**DATA EXTRACT**

◇ ◇ ◇ ◇ ◇

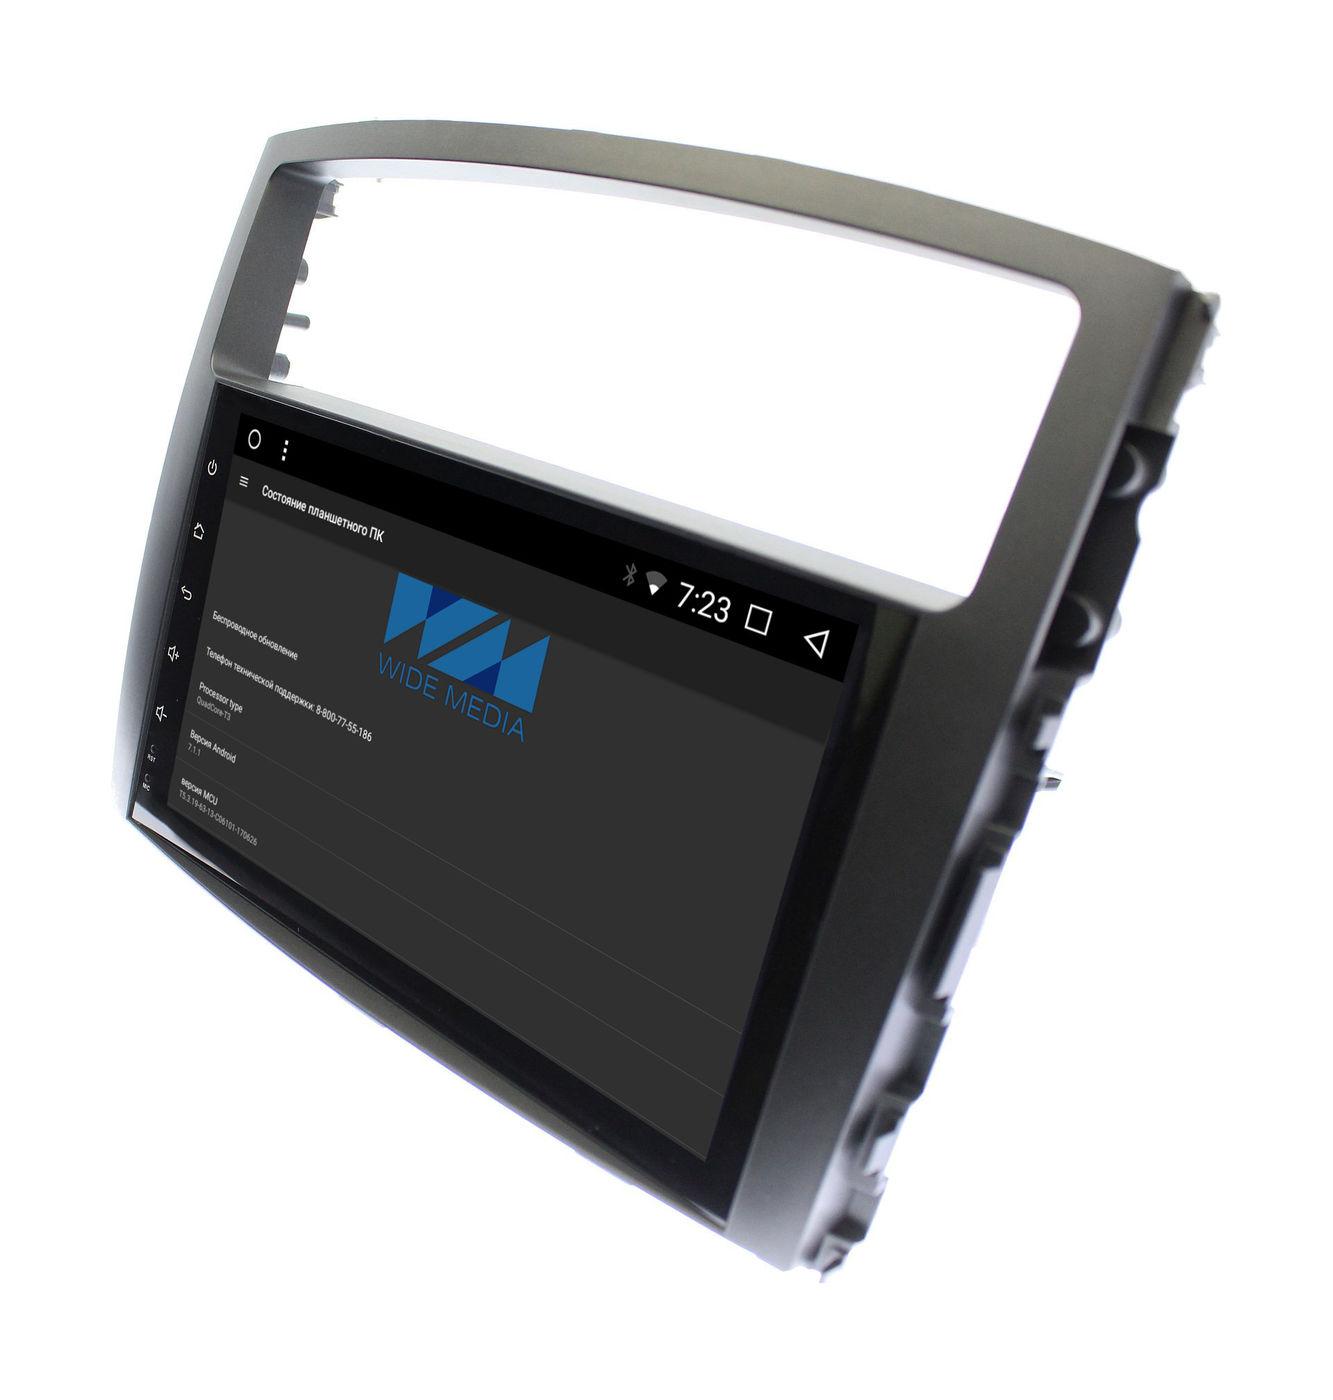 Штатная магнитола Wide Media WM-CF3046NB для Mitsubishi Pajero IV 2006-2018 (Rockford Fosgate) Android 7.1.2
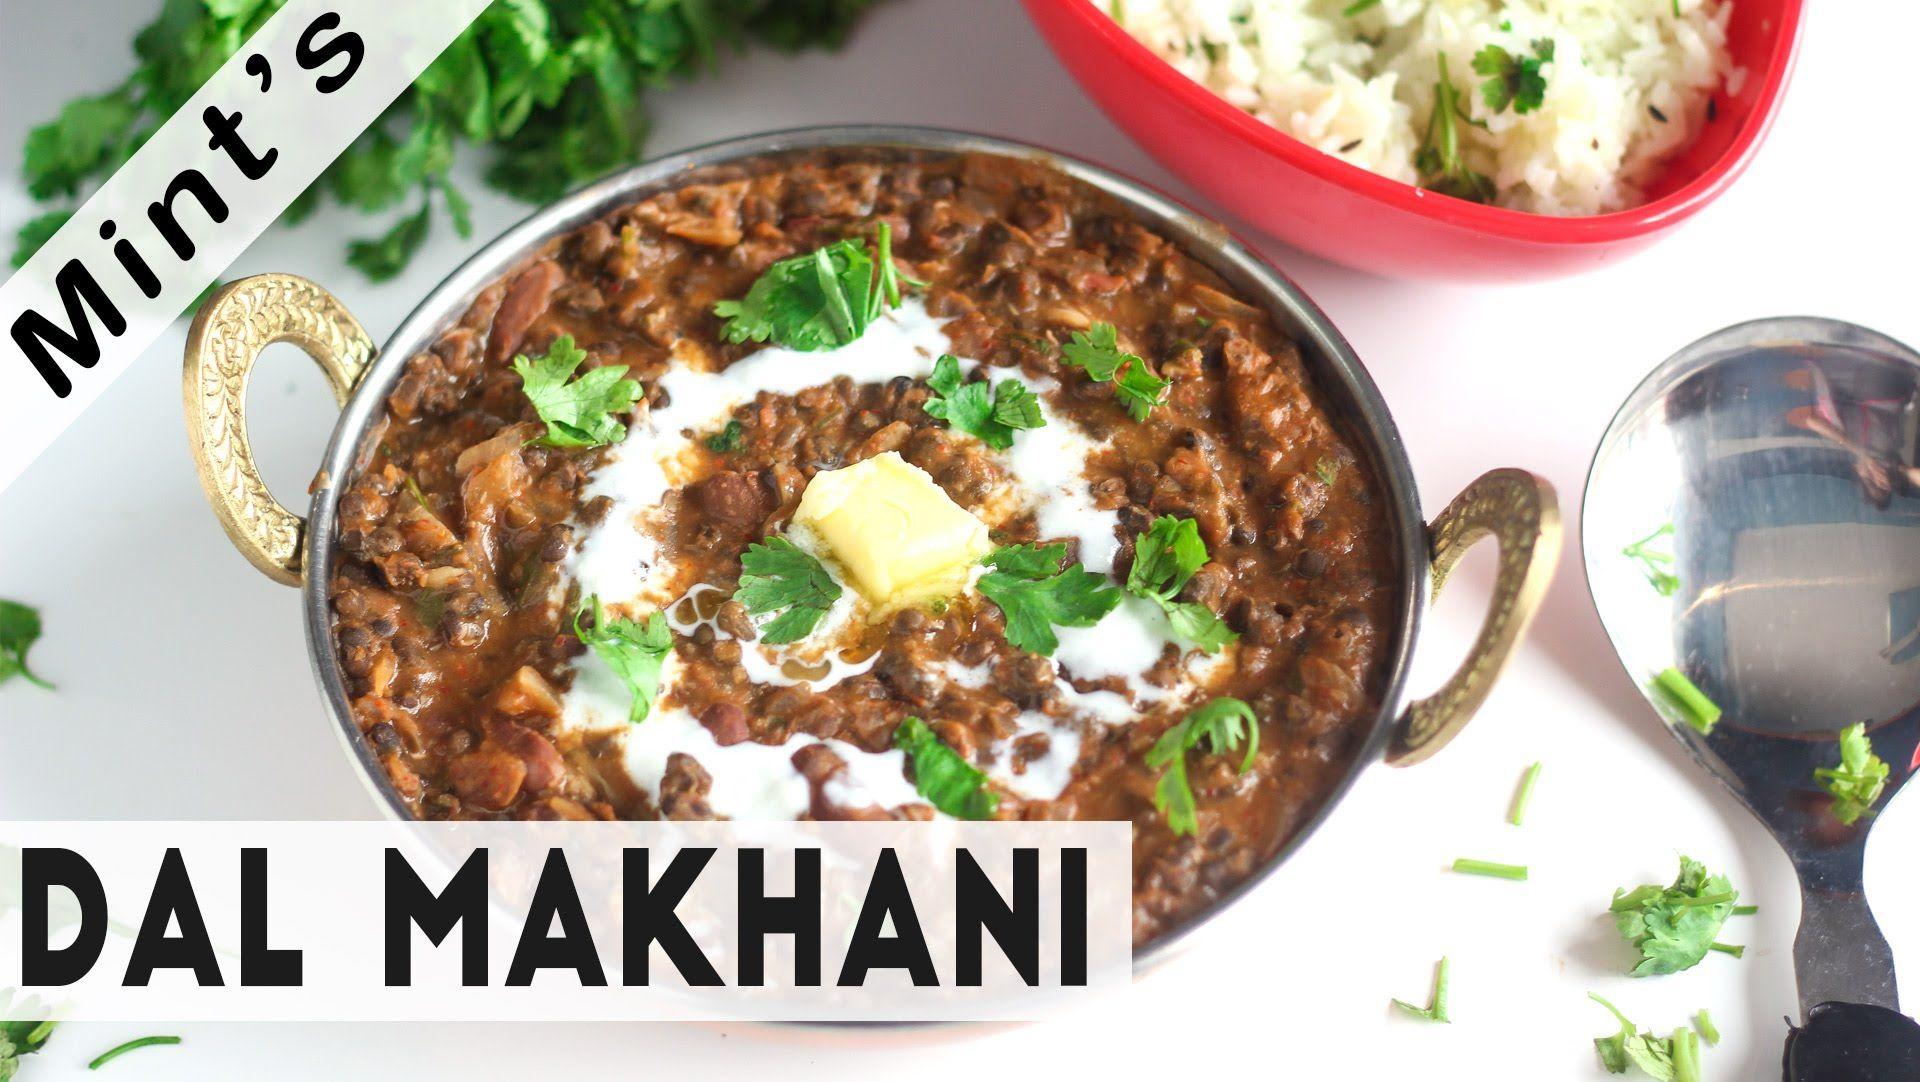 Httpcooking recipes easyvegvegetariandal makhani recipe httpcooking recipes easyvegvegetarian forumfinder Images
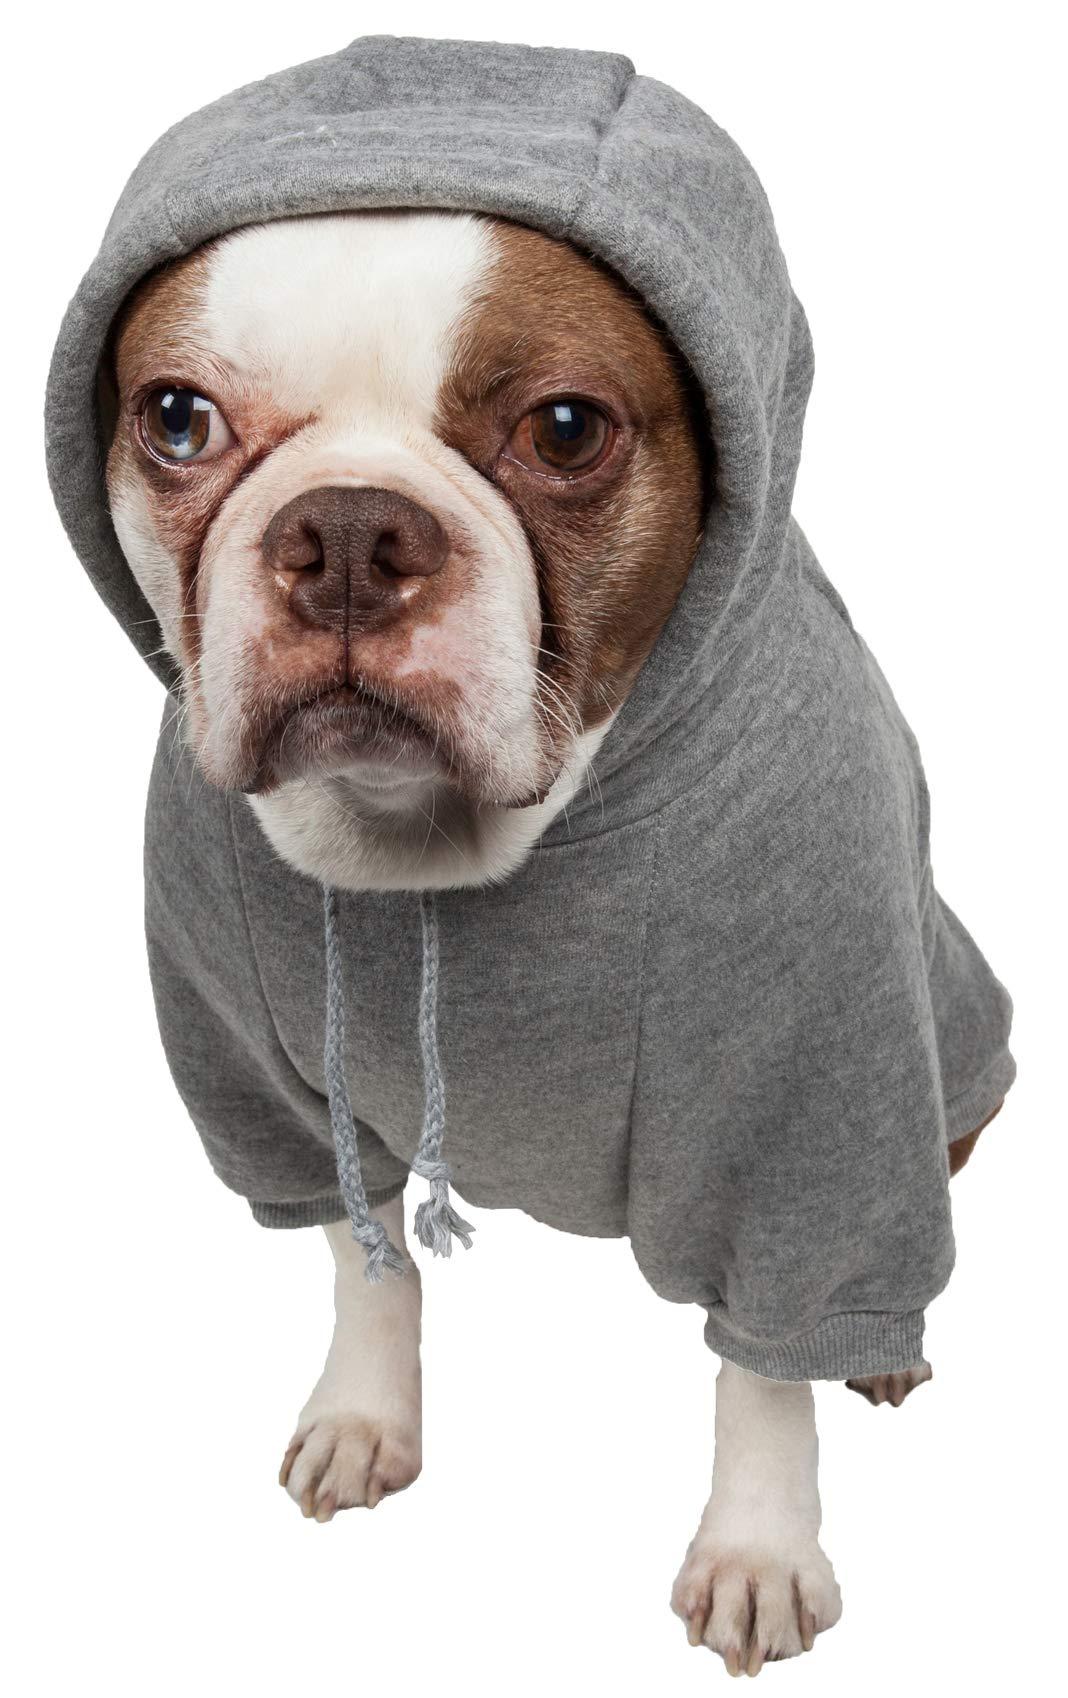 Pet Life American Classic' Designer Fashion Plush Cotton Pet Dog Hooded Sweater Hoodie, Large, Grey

◇ ◇ ◇ ◇ ◇

The response must match the data line for line, from its first line through the line with "Httpcooking recipes easyvegvegetariandal", inclusive, and must leave out the pictures.

 Штатная магнитола Wide Media WM-CF3046NB для Mitsubishi Pajero IV 2006-2018 (Rockford Fosgate) Android 7.1.2
 Httpcooking recipes easyvegvegetariandal makhani recipe httpcooking recipes easyvegvegetarian forumfinder Images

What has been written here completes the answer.